If the context does not contain the answer, say "I don't have that information."
Cite the source filename for every fact you use.

Context:
{context}
"""

Step 5: Assemble the agent

Finally, wire retrieval and generation together. The agent searches for the top 3 chunks, injects them into the system prompt, and calls Oxlo.ai.

def ask_agent(question):
    hits = retriever.search(question, top_k=3)
    context = "\n\n".join(
        f"[Source: {h['source']}]\n{h['text']}" for h in hits
    )
    prompt = SYSTEM_PROMPT.format(context=context)

    response = client.chat.completions.create(
        model="llama-3.3-70b",
        messages=[
            {"role": "system", "content": prompt},
            {"role": "user", "content": question},
        ],
    )
    return response.choices[0].message.content, hits

answer, sources = ask_agent("What is our password rotation policy?")
print(answer)

Run it

With a few sample docs in place, running the script produces a grounded answer.
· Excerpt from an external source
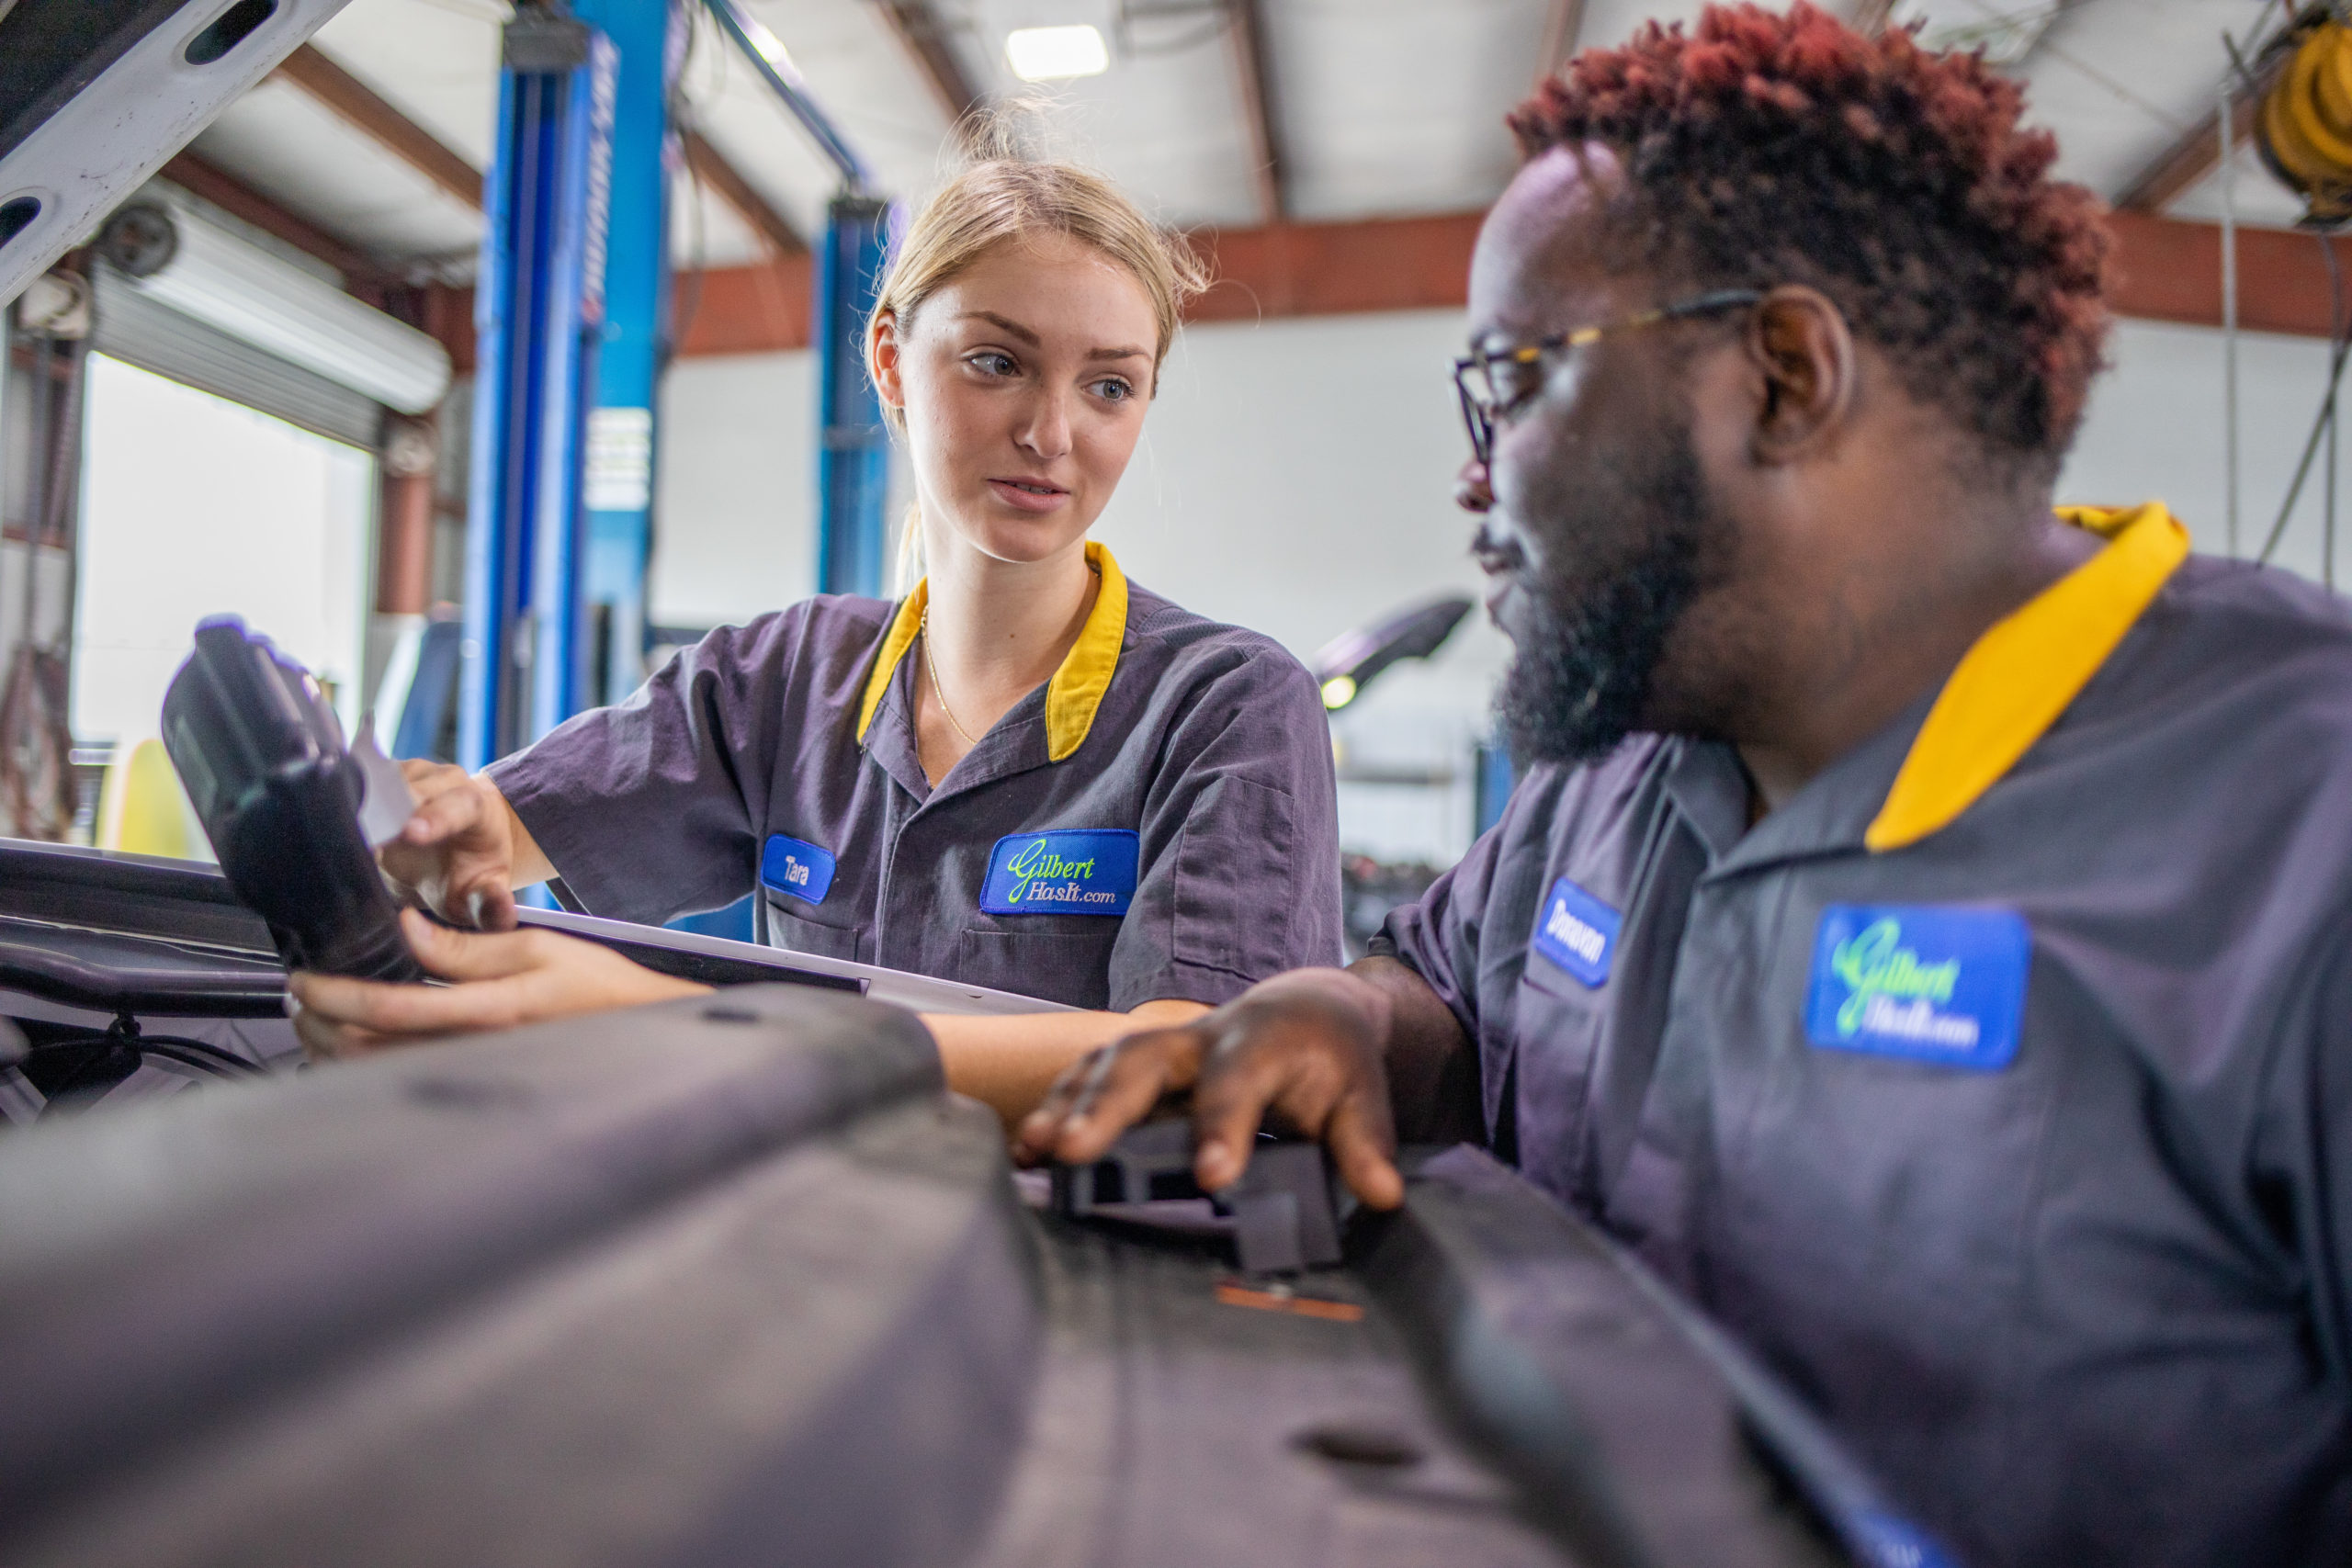 Chevy Service Tech Tara Hunt collaborates with co-worker at Gilbert Chevrolet in Okeechobee

Here is what I see after adding our security runbook:

$ python company_agent.py
Loaded 12 chunks
Embedded 12 chunks

Answer:
All production credentials must be rotated every 90 days.
[Source: security-runbook.md]

Because the prompt explicitly restricts the model to the retrieved text, hallucinations drop sharply compared to asking the model raw.

Wrap-up

This agent is already useful, but two upgrades matter. First, add a re-ranking step with a cross-encoder to improve retrieval accuracy once you pass a few hundred documents. Second, if your source material is massive, swap in Kimi K2.6 on Oxlo.ai; its 131K context window lets you retrieve larger chunks or more of them per request without worrying about token costs, since Oxlo.ai charges per request, not per token.